- Bengelsdorf c. 1936
- Born: Rosalind Bengelsdorf April 30, 1916 New York, N.Y.
- Died: February 10, 1979 (aged 62) New York, N.Y.
- Occupations: Art critic, painter, educator
- Spouse: Byron Browne (1907–1961)

= Rosalind Bengelsdorf =

American painter

Rosalind Bengelsdorf (April 30, 1916 – February 10, 1979) was an American painter, art critic and educator. She is also known as Rosalind Bengelsdorf Browne and as Rosalind Browne.

== Biography ==
Rosalind Bengelsdorf was born April 30, 1916, in New York, NY.

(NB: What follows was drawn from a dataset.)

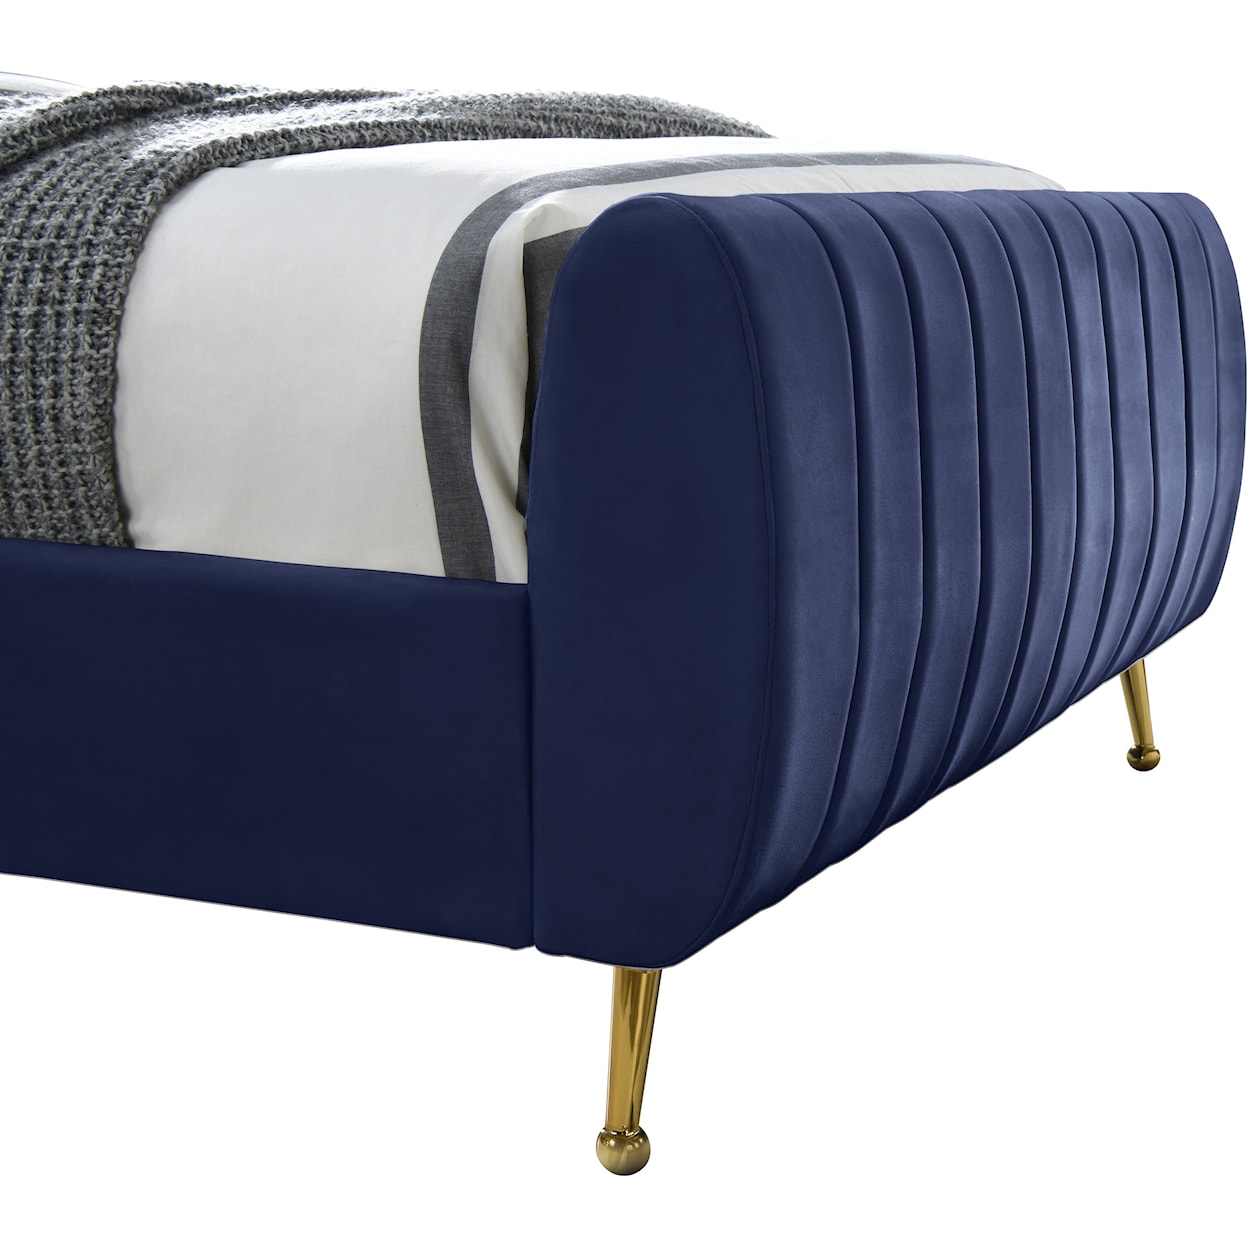 Meridian Furniture Zara Queen Bed

She studied at the Art Students League of New York as a teenager (1930–1934) with John Steuart Curry, Raphael Soyer, Anne Goldthwaite, and George Bridgman. In 1935 she joined the atelier of artist Hans Hofmann. She held a growing belief that the picture plane was a “living reality” of forms, energies, and colors. Because of this belief, Hofmann became a mentor to her for his dedication to painting as an independent object. Like Hofmann, she believed that “the shapes that compose the picture below to nothing else but the picture.” With his encouragement, she began to merge the idea that space is filled with “myriad, infinitesimal subdivisions” that changed into vibrating interplay of elements into her work. She felt that the abstract painter was observing the world and nature, tearing it apart, and putting it back together in a unique way.

In 1936, she began working as a WPA Federal Art Project muralist with Burgoyne Diller for the Central Nurses Home on Welfare Island. The mural, entitled Abstraction (now destroyed), balances simple geometric forms through position and color.

Bengelsdorf married the artist Byron Browne in 1940. The couple agreed there should be only “one painter in the family,” so Bengelsdorf stopped painting and pursued teaching and writing. She resumed painting after her husband's death in 1961.

A founding member of the American Abstract Artists, Bengelsdorf championed the cause of abstract art throughout her career. Rosalind Bengelsdorf gives an account of the founding of American Abstract Artists as a "small group of abstract artists who met at Ibram Lassaw's studio at 232 Wooster Street, New York, early in 1936. The gathering consisted roughly of Byron Browne, Gertrude and Balcomb Greene, Harry Holtzman, George McNeil, Albert Swiden, Lassaw, Burgoyne Diller, and myself. It was on this occasion we decided to form a cooperative exhibition society. Therefore this association became the first actual meeting of the American Abstract Artists, and we were, in fact, its founders."

==Collections==
The Rosalind Bengelsdorf Browne papers and a 1968 oral history interview are located at the Archives of American Art. Her work is included in the collections of the Whitney Museum of American Art, the Metropolitan Museum of Art, New York, the National Gallery of Art, Washington, the Museum of Modern Art, New York and the Smithsonian American Art Museum.